According to The Atlantic, it's not even a question whether it's true. It's just a question of knowing why.

According to the article it's based on "369 studies involving the academic grades of over one million boys and girls from 30 different nations."


1 Answer 1


In the United States, the federal Department of Education tracks GPA for graduating students. In "The High School Transcript Study" they report average GPA by gender. The table and figures don't reproduce neatly here, but they show that female students consistently outperform male students in GPA.

Their finding is robust across years (1990-2009), all core subjects (English, social science, physical science, math) as well as some other categories (other academic courses, other courses).

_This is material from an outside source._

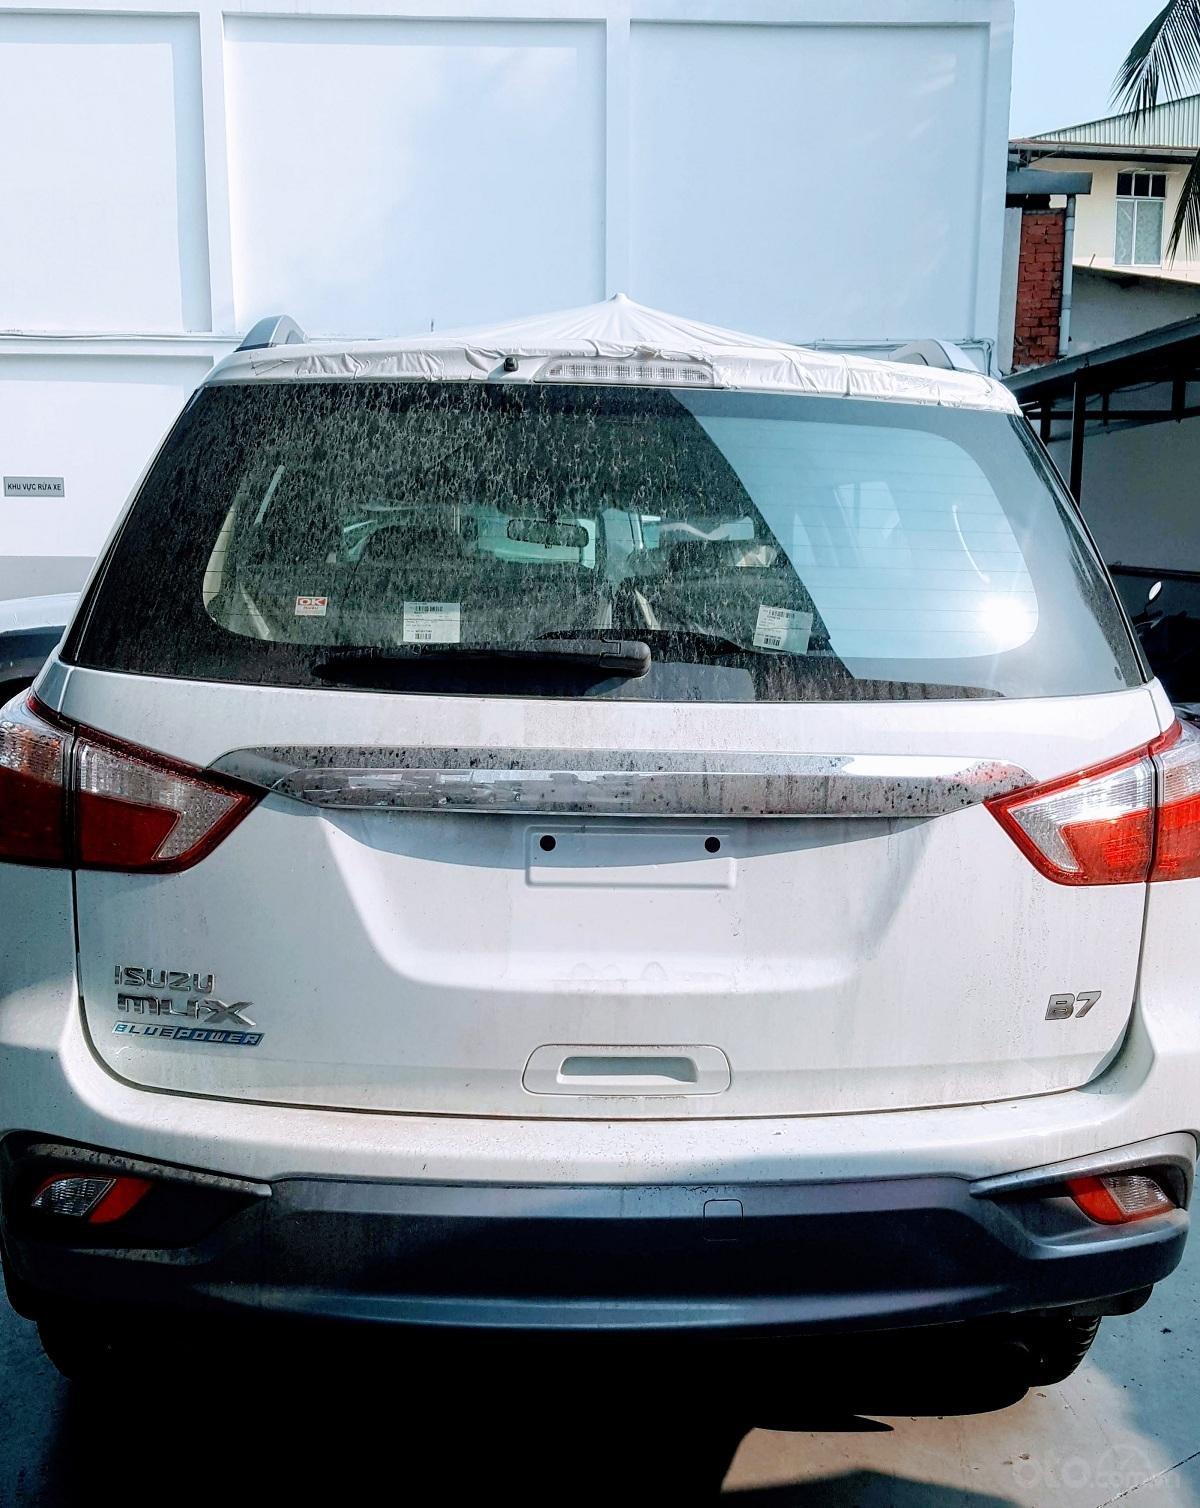 Cuối năm giá tốt, khuyến mãi khủng, Isuzu mu-X B7 2019, xe sẵn giao ngay (3)
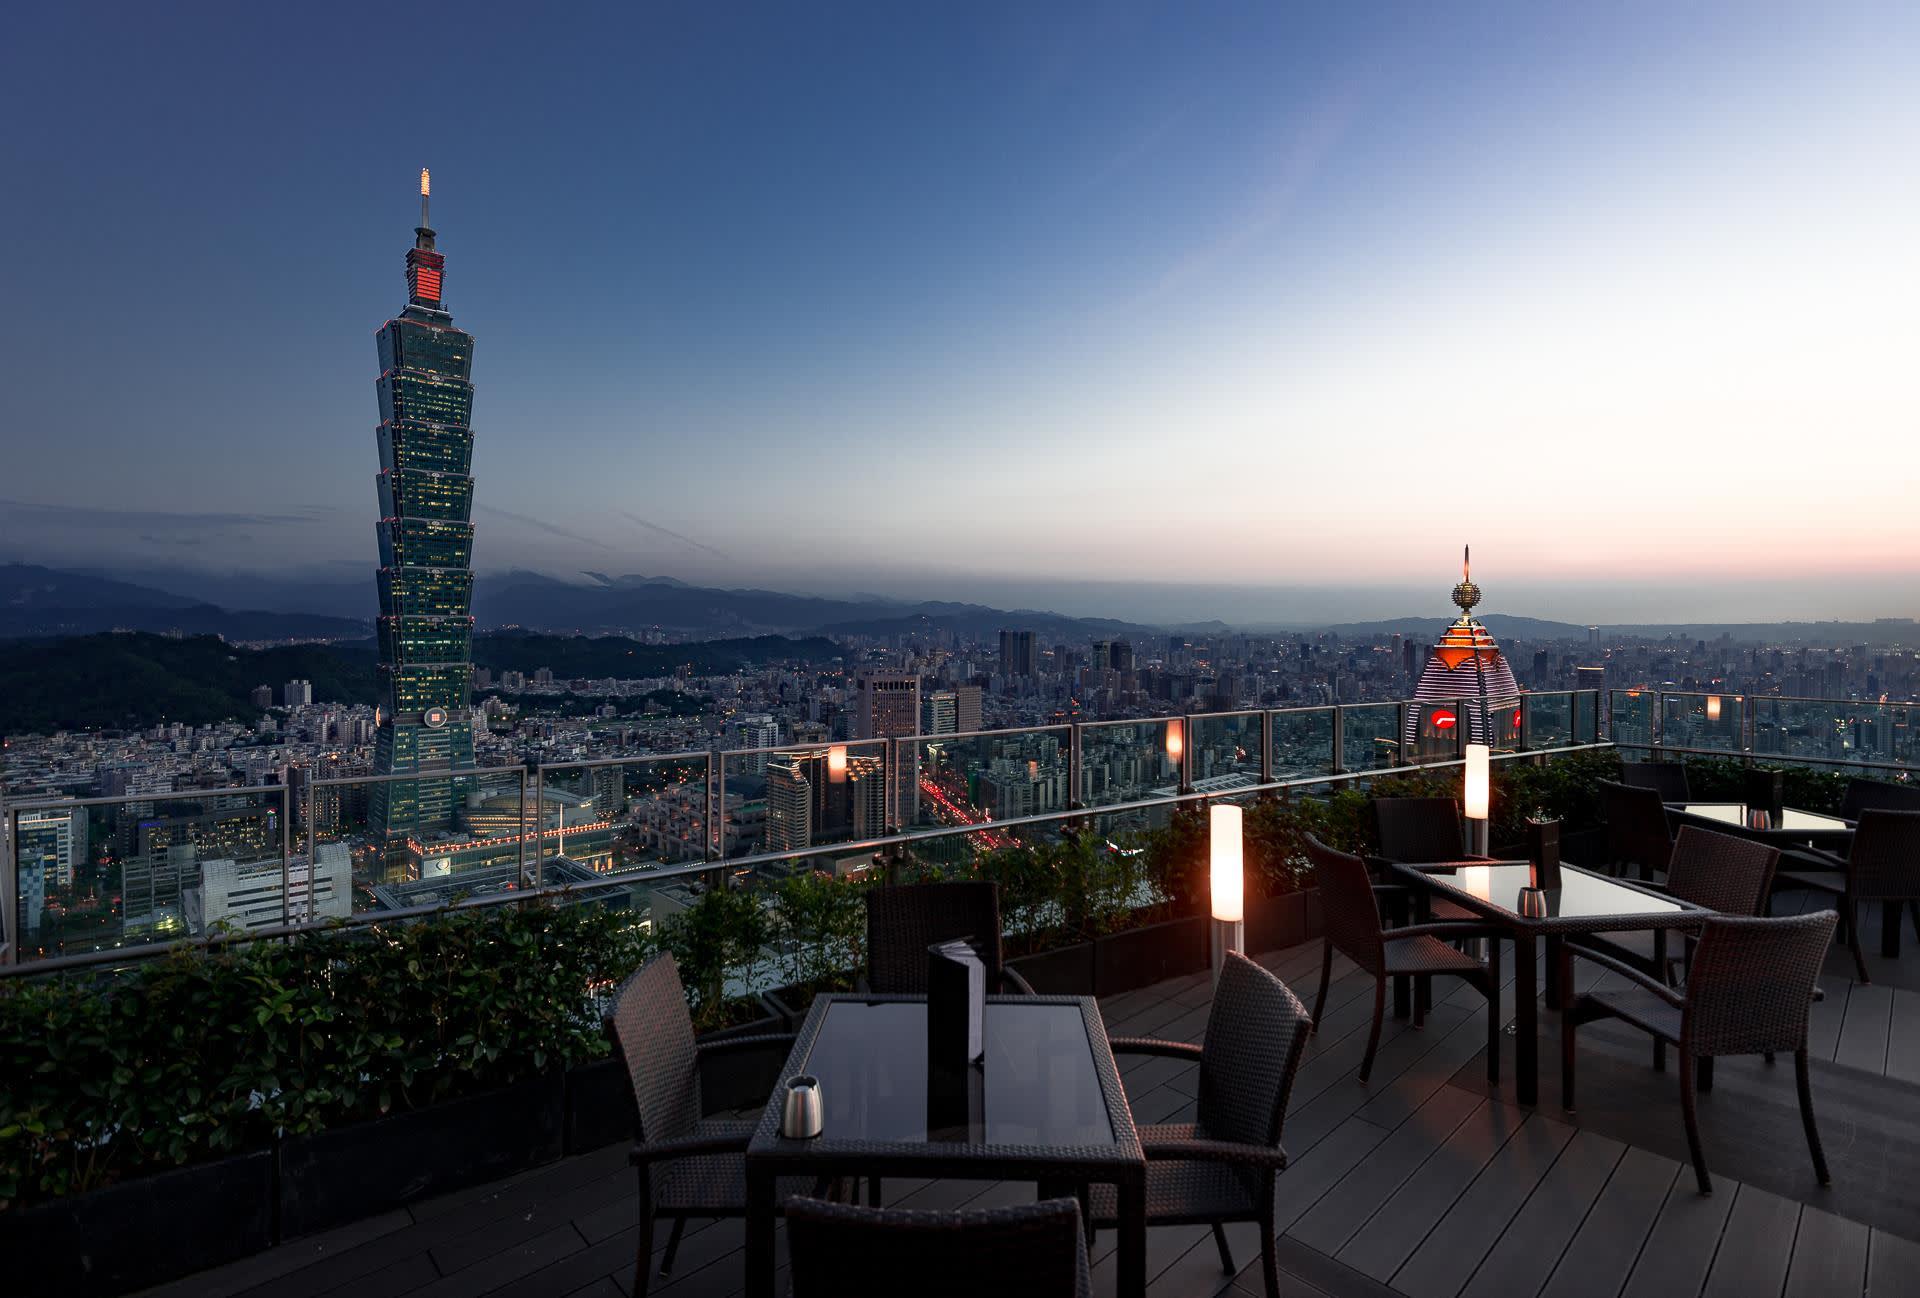 照 片 來 源 :Morton's The Steakhouse - Taipei 台 北 莫 爾 頓 牛 排 館 CC by 2.0

Although less descriptive, this finding is corroborated by ACT. Their single-page report, Gender Gaps in High School GPA and ACT Scores, shows that across all core subjects female students outperform male students academically.

One interesting caveat is that on science and math ACT exams, males do outperform females. ACT scores are not grades and don't (necessarily) influence the answer to this question, but it is worth thinking about why they may be different. The ACT page offers one explanation: that GPAs are cumulative, while ACT scores examine only a single point in time. They also point out that male students tend to perform less well in school in general (due to being less interested or having behavioral problems). There are likely other things to consider (bias in terms of registering for the ACT, whether the ACT score is related to academic performance).

Their PDF is embedded below. enter image description here

I'm not an education expert, but there does seem to be academic research that agrees. This literature review (Gender Differences in Scholastic Achievement: A Meta Analysis, Psychological Bulletin) examines 369 studies on gender and school achievement, and basically agrees that female students outperform male students.

The literature review includes research from nations other than the United States, providing some support for the belief that this is not purely an American pattern.

  • I may be reading that graph wrongly, but as far as I can understand from it, boys are actually better (according to the ACT) in Science and Math. Is there anything I'm missing?
    – T. Sar
    Jan 26, 2016 at 15:21
  • Good point. I'll add something that addresses that. ACT's discussion covers the differences between GPA (a cumulative measurement) and ACT score (a cross-sectional measurement). Jan 26, 2016 at 15:57
  • 3
    There really isn't that much of a difference, under 5% in most cases (the graphs don't start at 0, I hate that).
    – tcrosley
    Jan 27, 2016 at 10:20
  • You also have to take subjects into account.